I like the freedom of Sundays today—I like that the whole town does not close down. But I do remember the days when visiting was the thing to do on Sunday afternoon, followed by a wonderful meal, then unfortunately as I got older, homework—because of course, I never did it ahead of time.

What are some of your Sunday memories—are they similar to mine, or did you have a totally different “day of rest”?

T ~ is for Turkey Day

Thanksgiving postcard circa 1900 showing a tur...

Thanksgiving postcard circa 1900 showing a turkey and football player. (Photo credit: Wikipedia)

Turkey Day is a term coined by my youngest son, Tyler, referring of course to Thanksgiving Day—but it really does synthesize what the day means to him. He has used this term for about twelve years now, first utilizing it one Thanksgiving weekend when he was about nine. We decided to go apple picking on this now infamous Thanksgiving Day twelve years ago for a “fun family outing”.  (For those of you who are not Canadian, and from the looks of my stats—that is many of you, Thanksgiving is the second Monday of October in our country.)

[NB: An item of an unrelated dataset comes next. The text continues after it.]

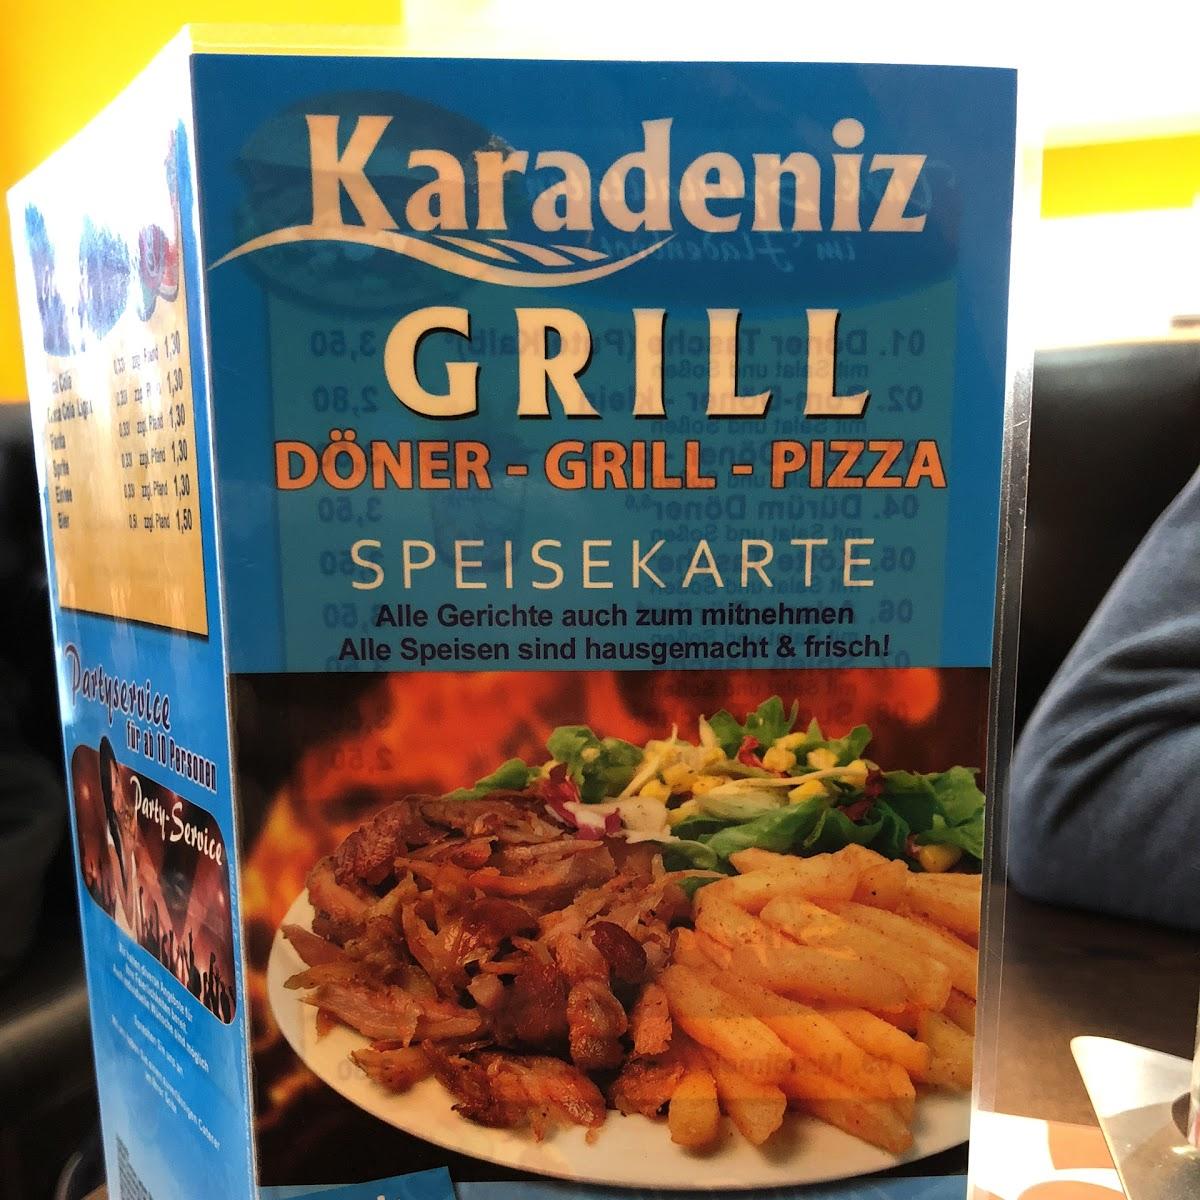 Restaurant "Karadeniz Grill" in Schwerte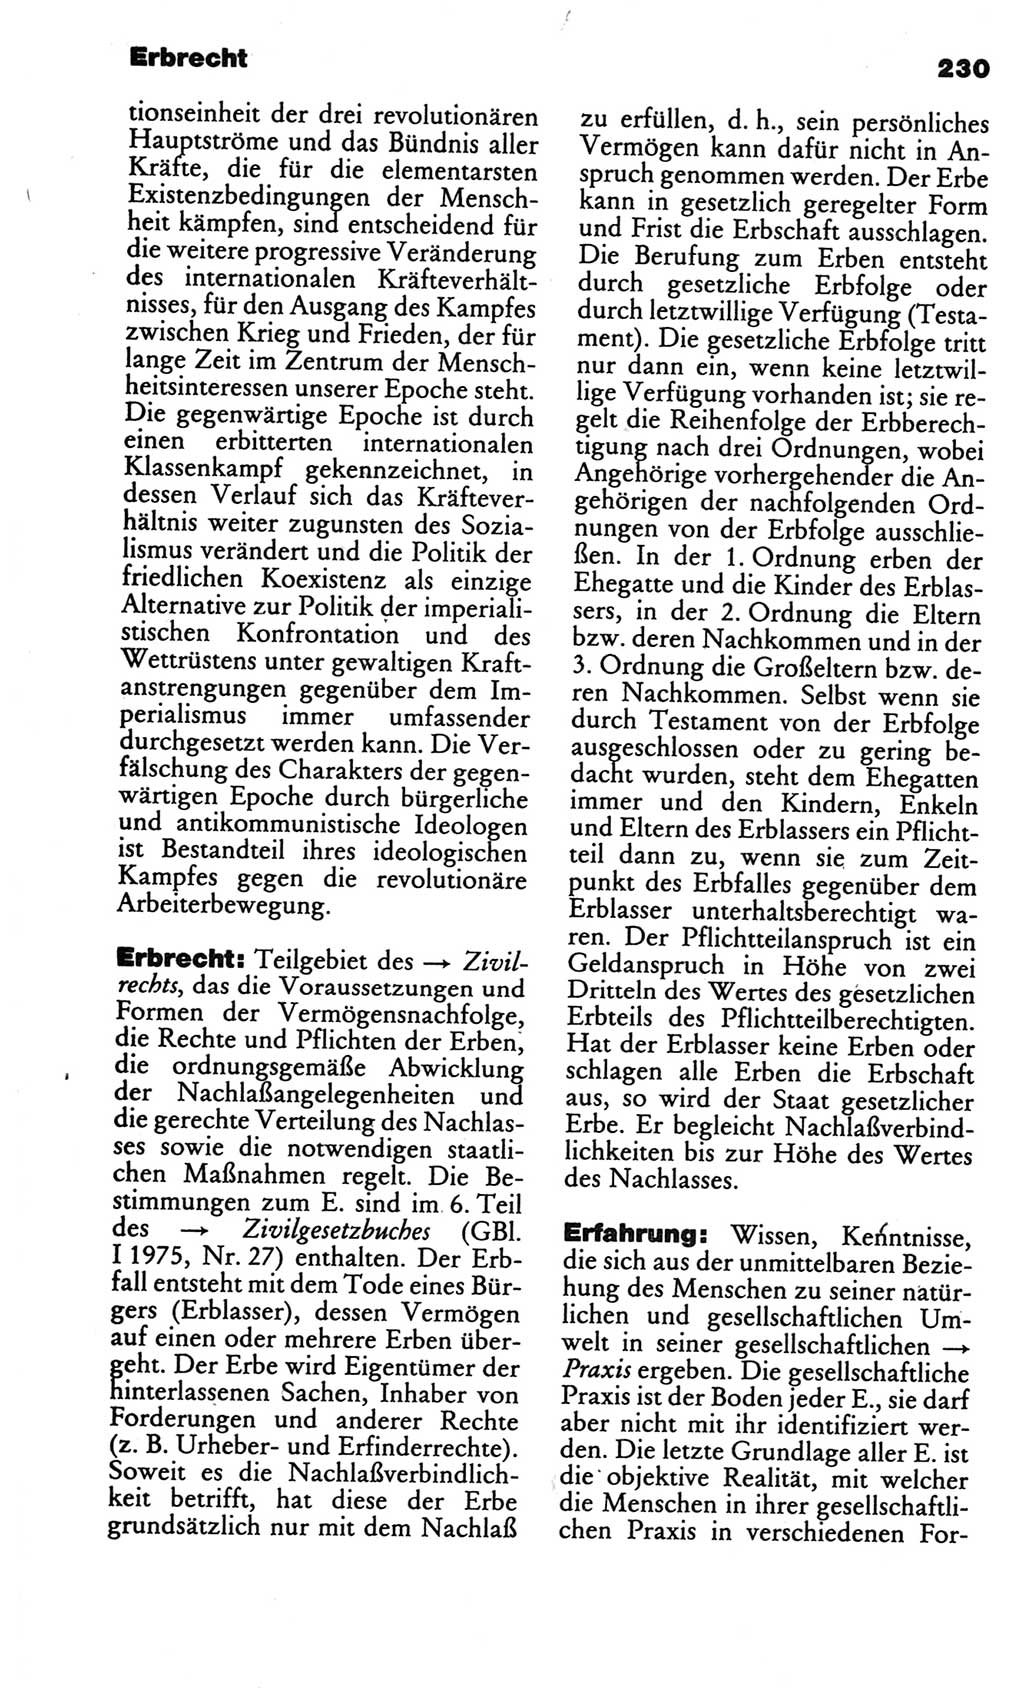 Kleines politisches Wörterbuch [Deutsche Demokratische Republik (DDR)] 1986, Seite 230 (Kl. pol. Wb. DDR 1986, S. 230)

For some reason, many Canadians have their Thanksgiving meal on the Sunday before Thanksgiving, which leaves us time to do other things on Thanksgiving Day besides eat leftovers (which in my books is one of the most wonderful meals there is ~ I think I like noshing on Thanksgiving leftovers as much as the original meal.)

So, on this day in the year 2000, we decided to go apple picking, and while we were there we picked up a few pumpkins from the orange grove (just seeing if you are paying attention—of course it was a pumpkin patch, and no we did not see Linus there looking for the Great Pumpkin—it was too early).

Since it was late in the apple season, our wagon ride to the apple trees that still had apples was rather lengthy—and Tyler, in great spirits that day, kept wishing everyone a Happy Turkey Day. This garnered all kinds of interest, which he just ate up. He was a pixyish looking little guy, so he got a lot of waves and smiles with his exuberance.

To this day, he loves turkey—and Thanksgiving is just not Thanksgiving without turkey at our house. Before he grew to realize his love for the big bird, I would serve other meals I was just as thankful for (like prime rib or lamb or ham) and were much easier to contend with. Since he has made this realization, we serve turkey every Thanksgiving.

After lo these many years of thawing turkeys, stuffing turkeys, and complaining about thawing and stuffing turkeys, I have come upon a foolproof  Thanksgiving meal. I get one of those turkeys that come already stuffed and that you can take out of the freezer and stick into your oven with just some minor preparations.  I stumbled upon this solution at the advice of a friend who I think may have been tired of me complaining about the thawing and stuffing of the bird that stars in a proper Thanksgiving meal. And to that end the search for the perfect turkey commences today.

The search  entails buying one of these guys on sale. They are an arm and a leg if not on sale. As we speak, they are purported to be on sale at my local grocery store—so as soon as I get this post done, I shall be hightailing it out of here to get one that is affordable. Last time they were on sale (a couple of weeks ago) they had all been scooped up and only the regular turkeys were there biding their time in the frozen food bins.

I know that some people are suspicious of these already stuffed birds, but I cook mine until there is no mistaking that it is done—and truly the stuffing is delicious and there is a generous amount. And I do not have to thaw the dumb thing. In the past, I have taken turkeys out of my freezer and crowded my fridge for a full seven days and still the thing wasn’t completely thawed out.

Turkey Day is only a couple of weeks away, but I will not be satisfied until I have one nestled in my freezer among the corn and peas, and ready to be taken out just before I have to throw him in the oven (or place him ever so gently, let’s not get violent here.)

O happy day—this is me doing the Snoopy dance—Turkey Day is going to be easy peasy this year and every year hereafter.